A new set of motorized stages developed by Klocke Nanotechnik allows high strokes at small volumes. The modules are driven by the Nanomotor®. Loads of up to two kg can be moved over centimeters of stroke with down to 0,5 nm resolution. Manipulation in many degrees of freedom is possible without backlash. The modules NMT xx-L are longer, but thin like a pencil. In most of the NMT-modules position measurement systems can be included without increasing the size. The resolution of the position sensor is 2 nm. All NMT modules can easily be fixed onto each other. Very small connectors allow the exchange of a module without removing cables. The NMT-Zxx are modules for vertical movement. They have an internal load compensation to lift up loads. Nanomotor-Grippers and force sensors, that can easily be fixed on these modules, are available.

  • 1 nm resolution
  • repeatability better than 50 nm
  • 5-50 mm stroke
  • max. load up to 2000 g
  • small dimensions
  • modular system with easy handling
  • vacuum compatible
  • Nanomotor table NMT 10/20/30/40/50
  • Nanomotor table NMT 5-L/10-L/15-L/20-L
  • Nanomotor table NMT Z15/Z20
  • all modules available with position measurement system PMS

Principle of operation

The primary objective during the development of these Nanorobotics modules was a resolution in movement of a single Nanometer. This is made possible in principle by the Nanomotor®, developed by Dr. Klocke and his team in Aachen. Compared with other high stroke piezo drives the Nanomotor has a real fine positioning stroke of more than a micron.
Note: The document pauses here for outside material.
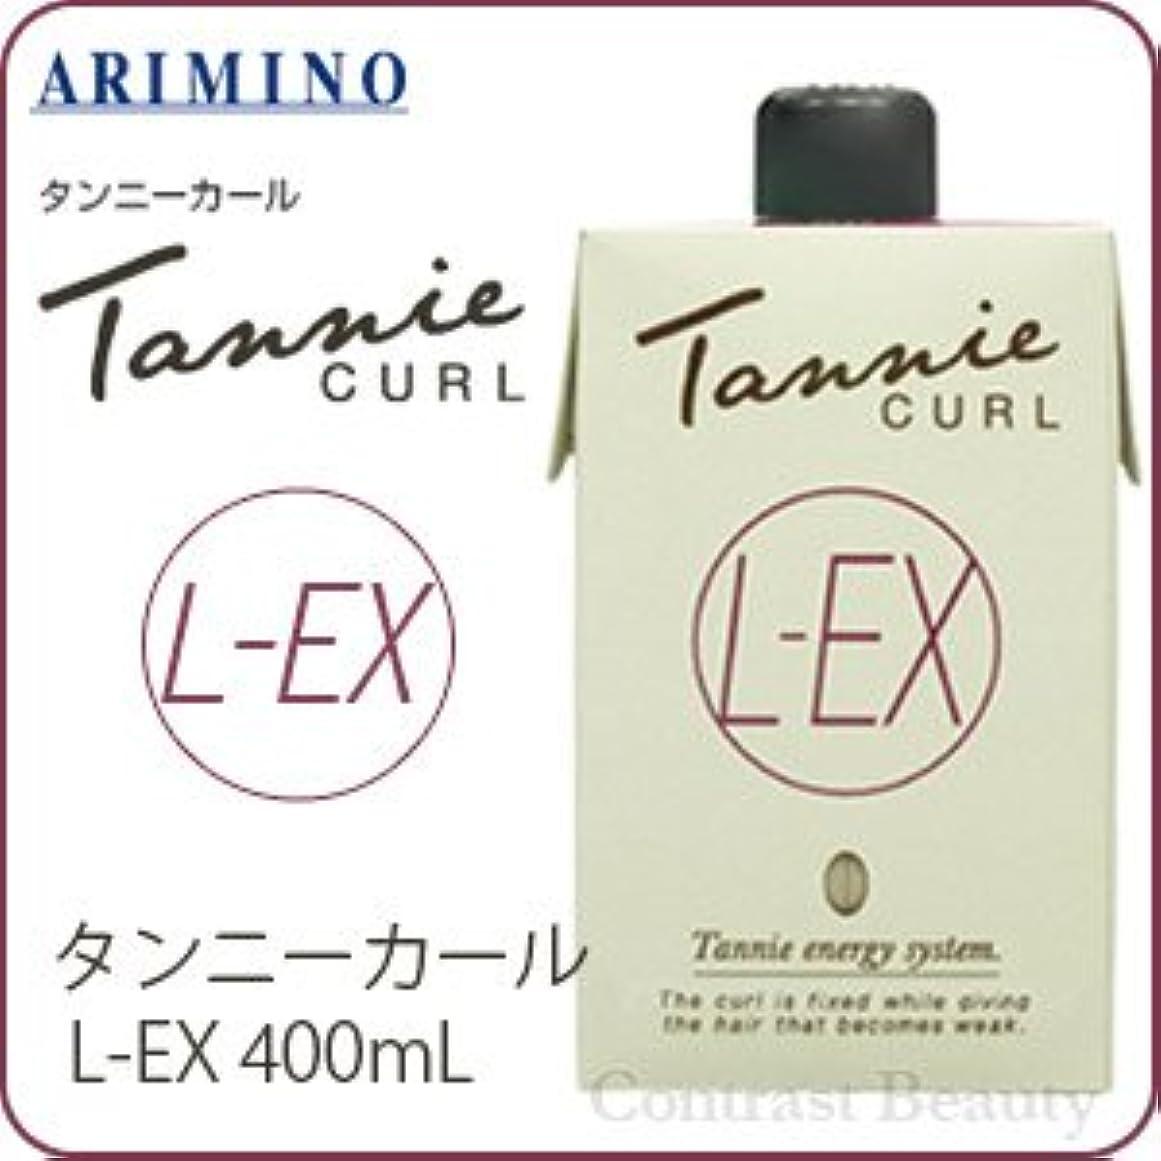 間隔連帯時系列アリミノ タンニーカール L-EX 400ml

Within this stroke the Nanomotor behaves exactly like a piezo, without backlash.
The combination of the Nanomotor with mechanical guiding elements like ball bearing tables or gears should also eliminate the play of the mechanical guiding element and lead to a superior movement resolution, free of any backlash. But it didn’t. The movement of a first prototype showed a kind of backlash with 50 nm amplitude in an Electron Microscope. This value is much smaller than mechanical play and too big for a piezo drive. The analysis of the whole mechanical chain in this linear stage with a high resolution Electron Microscope led to the source of this backlash. The movement of this small motorized stage caused a compression of materials used in this setup. Even the elastic constants of materials reduce the performance of this device. After this result the linear stage was developed in a new design with other materials and geometries. The backlash caused by compression could be reduced in our new high resolution stages from 50 nm down to an amplitude of below 1 nm. This is the distance of 5 atoms!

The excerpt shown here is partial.